Perché non abbiamo più bisogno di eroi

Oggi vi racconteremo una storia, una storia ambientata in periferia, nel grande raccordo anulare dimenticato di Roma o in una banlieue di Parigi. Il suo protagonista è un uomo che viene investito da una volante in pieno giorno e rimane fermo immobile, a terra. Prima di esalare l’ultimo respiro, assiste alla consueta proiezione della sua vita, e vede scorrere davanti agli occhi momenti belli ed entusiasmanti, momenti di gioia e di felicità. Non c’è spazio per momenti bui, anche se non sono mancati, certo; ciononostante tutto è avvincente e straordinario. L’uomo rimane con gli occhi a fissare il cielo, come un grande animale ferito che stia aspettando di essere ingoiato dalla terra, e quel che sogna non somiglia ad un rivale da abbattere, non somiglia ad una mancanza di idee, non somiglia ad un’installazione messa lì apposta per farsi guardare: ciò che sogna somiglia ad un grande risveglio collettivo. Si respira aria nuova, e per questo motivo egli sente di non essere morto invano. Ciò di cui si rammarica è di non avere vissuto abbastanza per poterlo raccontare. Così, con le ultime forze rimaste, alza il braccio per sussurrare la sua storia ad un passante, che ancora non sa di essere l’uomo più fortunato del mondo, perché quel moribondo gli sta per suggerire la visione che cambierà la sua vita per sempre.

Non abbiamo bisogno di eroi, ma di qualcuno che ci porti a sentire scorrere il sangue nelle vene, assaporare la nostra vita e comprendere che è stata straordinaria.
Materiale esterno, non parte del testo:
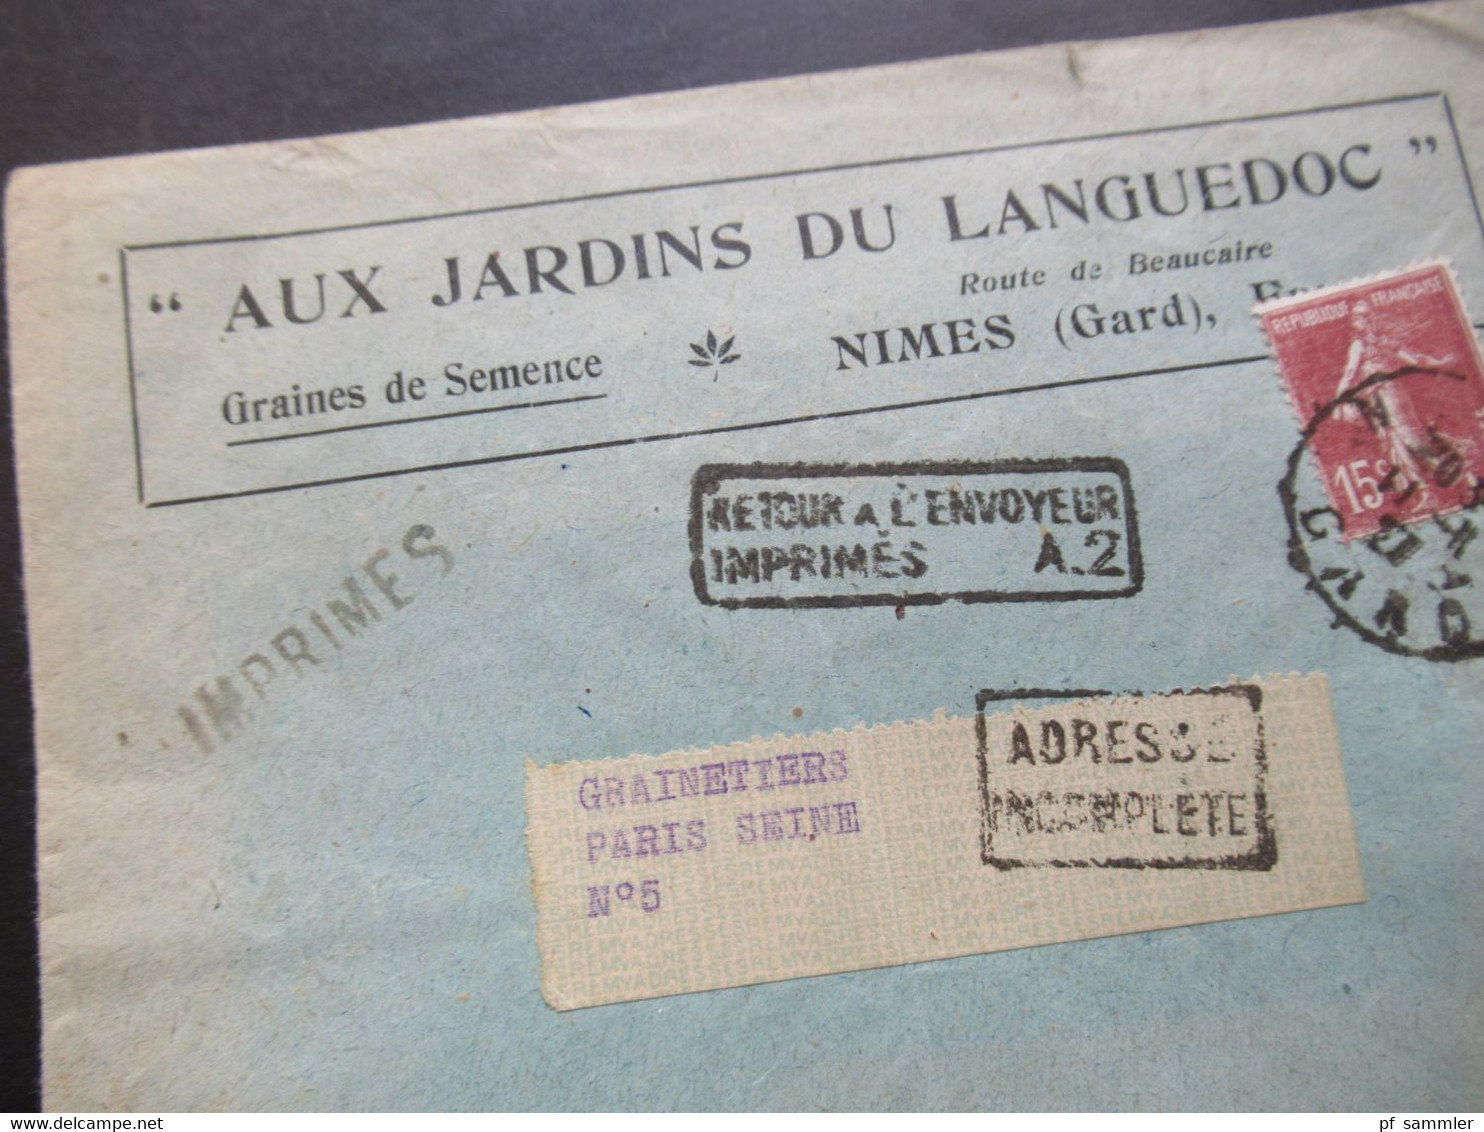 Frankreich 1927 Säerin Aux Jardins Du Languedoc Stempel Ra2 Retour A L'Envoyeur Imprimes A.2 Und Adresse Incomplete - 1906-38 Säerin, Untergrund Glatt

Se c’è un romanzo, una poesia o un reportage che ci piacerebbe leggere, probabilmente inizierebbe così. Non abbiamo bisogno di eroi, ma di qualcuno che ci porti a sentire scorrere il sangue nelle vene, assaporare la nostra vita e comprendere che è stata straordinaria. In questa storia non esistono santi, non ci sono buoni e cattivi, perché tutti sono protagonisti di un antagonismo che si fa regola. In questa storia ci sono un gruppo di ragazzi che hanno voglia di riscatto e allora decidono di rapinare una galleria del centro della loro città, indossare gli abiti migliori e andarsene lontano. In questa storia la polizia perde perché non c’è legge contro il buonsenso. In questa storia si può decidere se restare fermi a guardare, delucidando le possibilità e le tematiche del caso  – oppure lasciarsi trascinare e perdercisi. Una storia in  cui collettivo e individuale non indossino maschere contrapposte.
Ci piacerebbe leggerla, una storia così. Perché il problema non è semplicemente come si scrive. Il problema è anche scrivere storie che raccontino qualcosa.  Nell’epoca dello storytelling, tutto è buono per fare una storia. Anche una recensione diventa una storia,  anche l’aver perso il tram o aver lasciato i piatti da lavare. L’apoteosi del normale, inteso come diario minimo dell’individuale e quotidiano. Dovrebbe essere il tempo, il sedimentarsi delle cose, a creare la storia. Il reiterarsi dei gesti, anche i più quotidiani, e il loro mutare; e contemporaneamente una frattura, una ferita – qualcosa che inopinatamente, proditoriamente, accade,  e spezza il filo.  Questa è una storia.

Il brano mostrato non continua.